«Шведский самолет в Москве».

Под таким заголовком увидел я в вечерней газете черный смазанный снимок аэроплана с темными человеческими силуэтами, среди которых узнал Эльгу, Комарова и себя. В заметке сообщалось о том, что шведское общество «Аэротранспорт» вместе с финляндским «Аэро» проектирует установить воздушное сообщение Стокгольм — Гельсингфорс — Ленинград (а может быть, и Москва) и что «ORN» («Орел») удачно совершил первый пробный полет.

Так вот почему Эльга запретила мне говорить по-русски!

После обеда я немного отдохнул в номере, но меня скоро разбудил Комаров и сообщил, что ночью мы вылетаем, куда — он не сказал. За столиком в ресторане нас поджидала Эльга.

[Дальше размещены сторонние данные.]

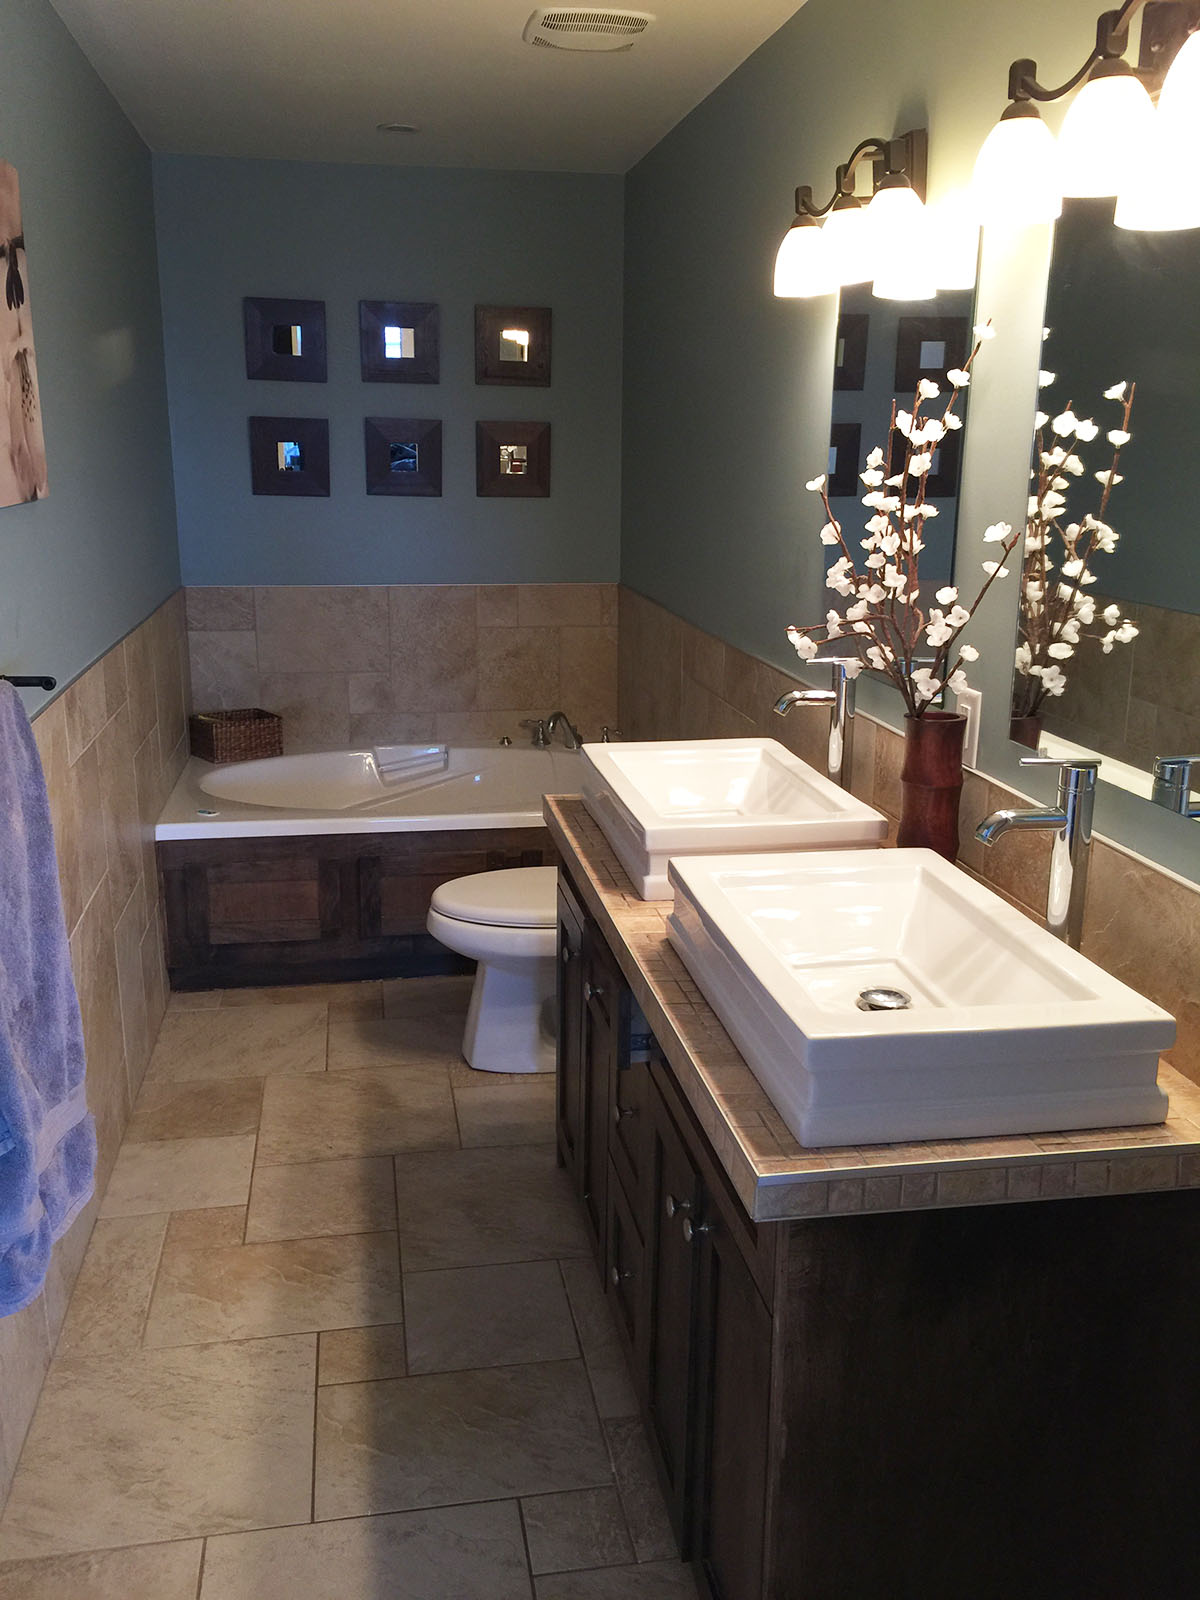 Bathroom Renovations Calgary home renovations in calgary | details home designs | renovation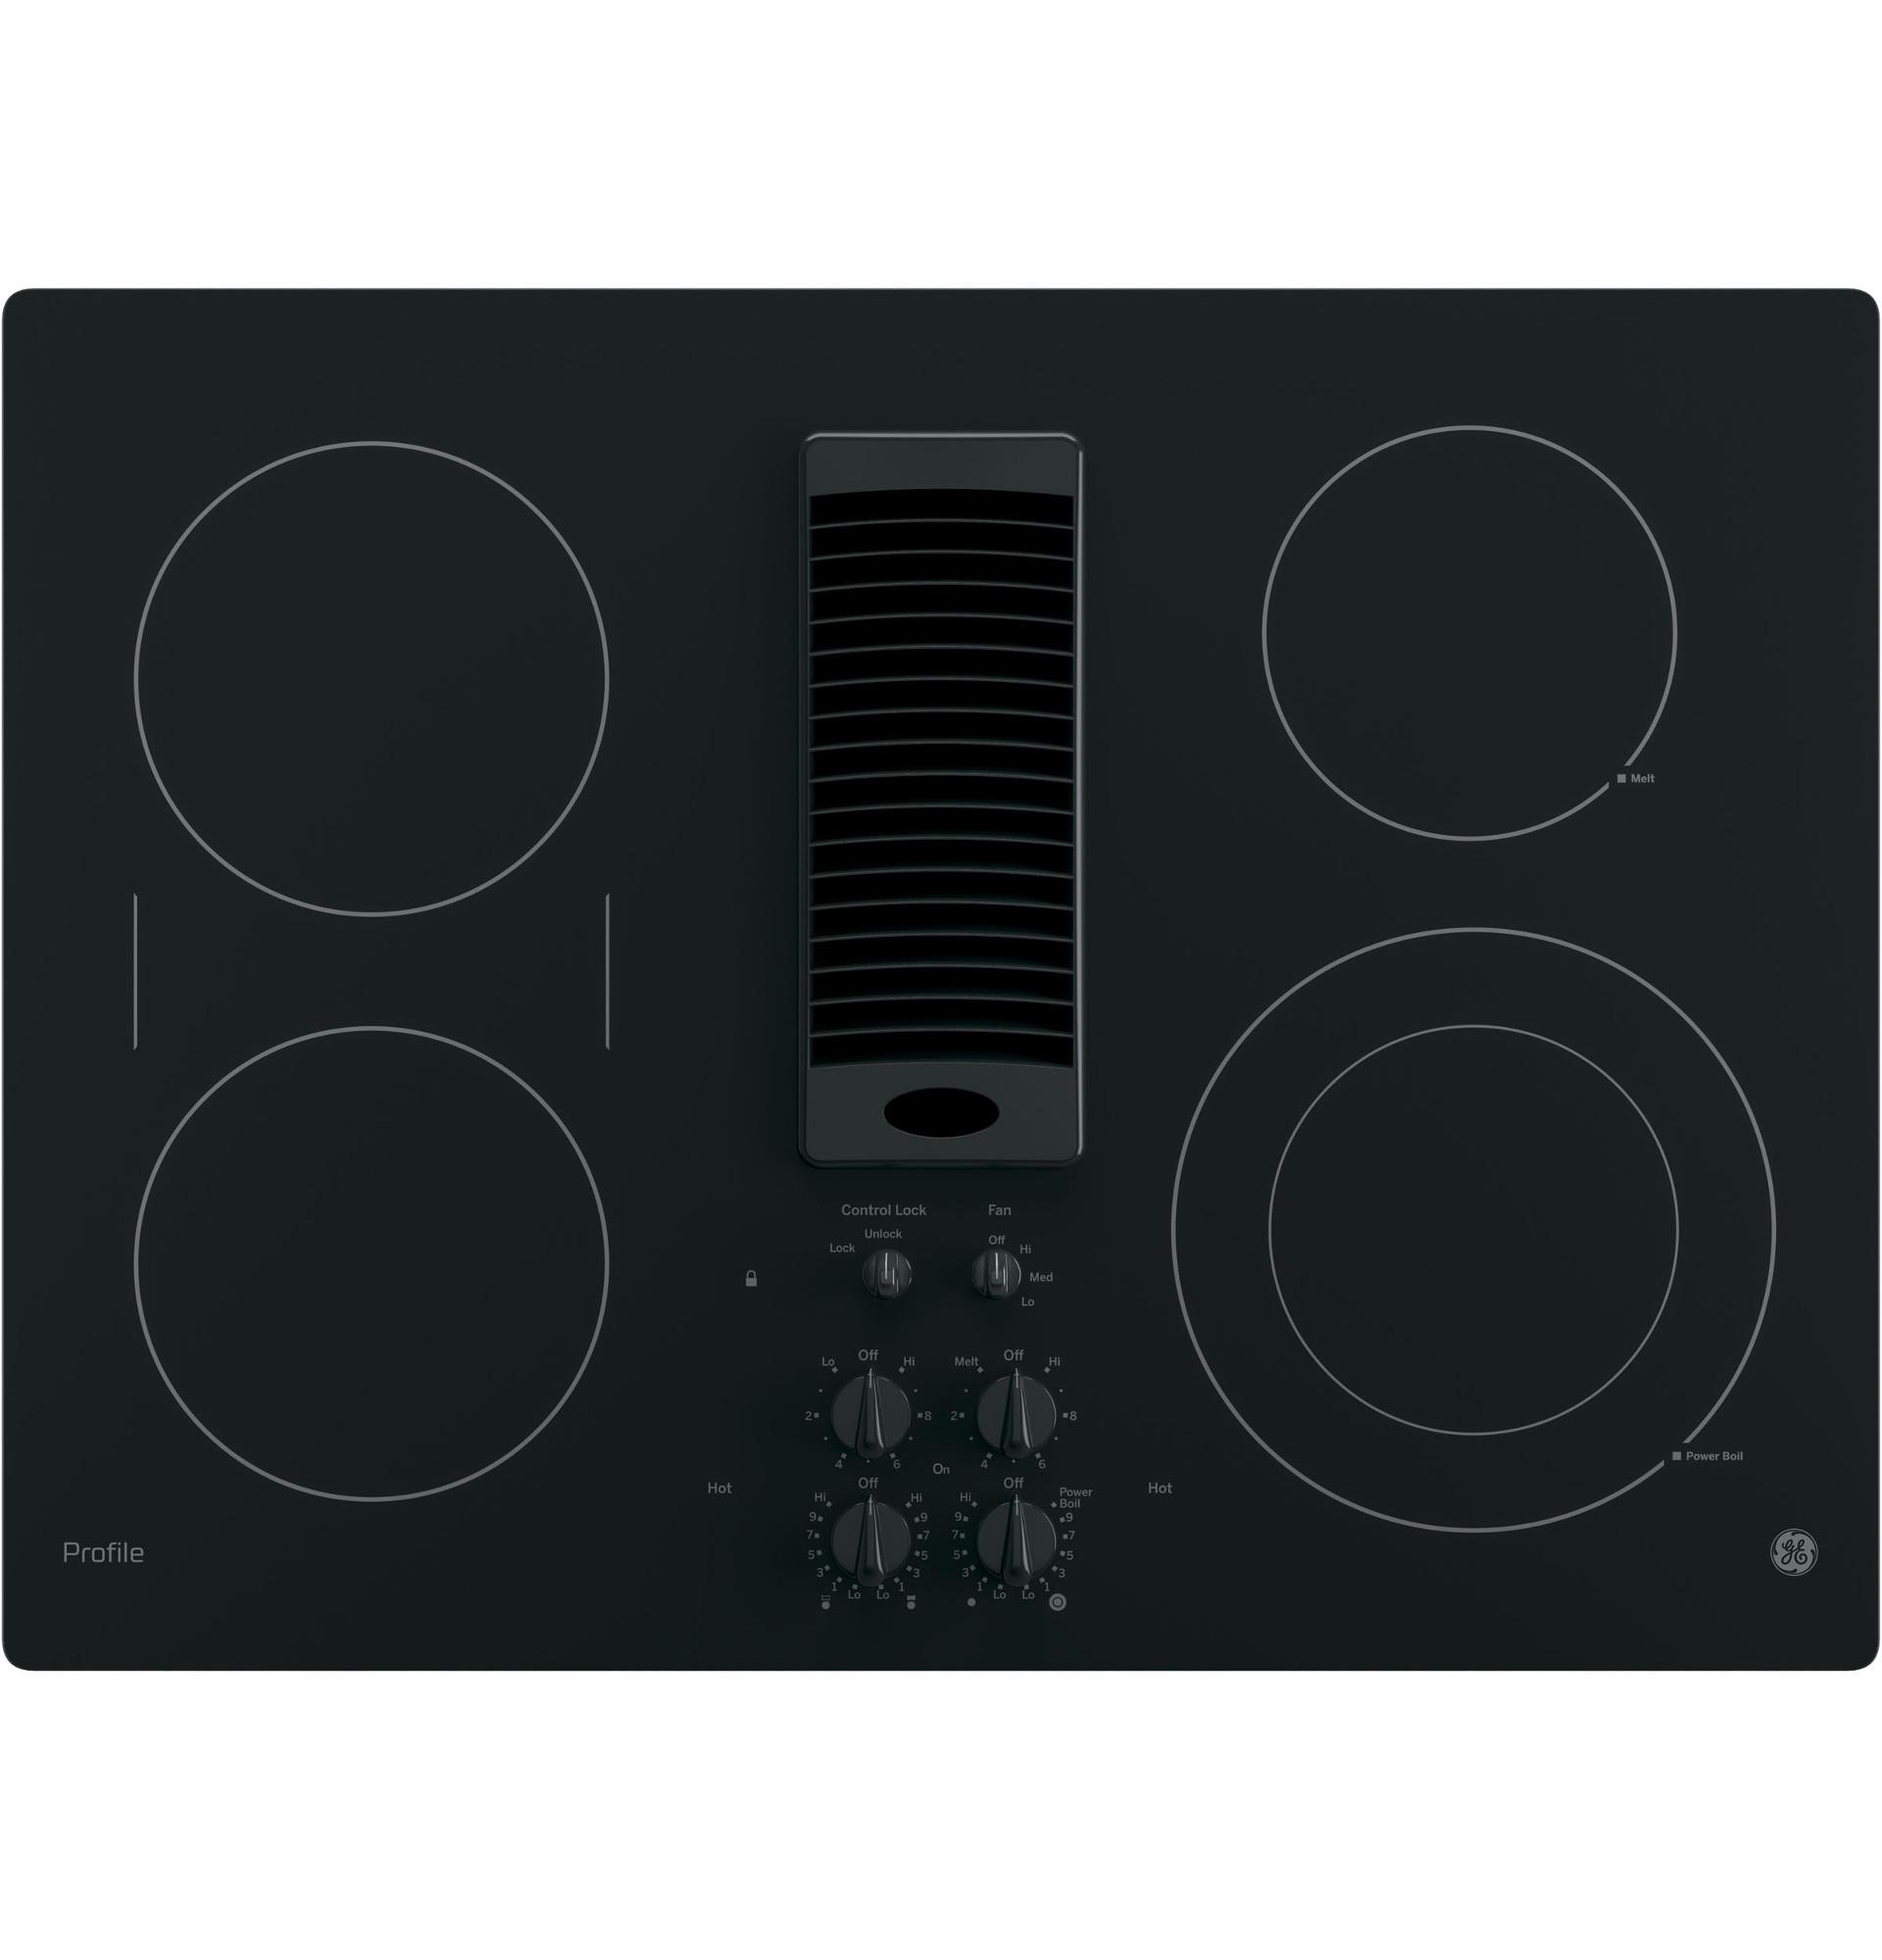 electric stove metric conversion diagram shop the best cooktops gas tops at sears ge profile series pp9830djbb 30 downdraft cooktop black

...Половина первого ночи. В зале довольно много публики... Играет оркестр, танцуют. Эльга — сумрачна, чем-то озабочена и не разговаривает со мной. Комаров же весел и жизнерадостен. Он предложил Эльге потанцевать и, когда она отказалась, нашел себе другую партнершу за соседним столиком. Танцует он с увлечением, никак не подумаешь, что руки, нежно обхватывающие женскую талию, и ноги, ловко выворачивающие на паркете па чарльстона, недавно еще нажимали на рычаги и педали аэроплана. Рядом с ним танцует другая пара: пожилой бритый, лысый мужчина с огромными очками в роговой оправе, что делает его похожим на рыбу, и высокая худая девушка с выкрашенными красной хной мальчишескими волосами, с подведенными маковыми тычинками ресниц и карминными пиявками губ. У нее такие тонкие ноги в туфельках-балетках, что кажется, они вот-вот хрустнут и переломятся от неловкого движения.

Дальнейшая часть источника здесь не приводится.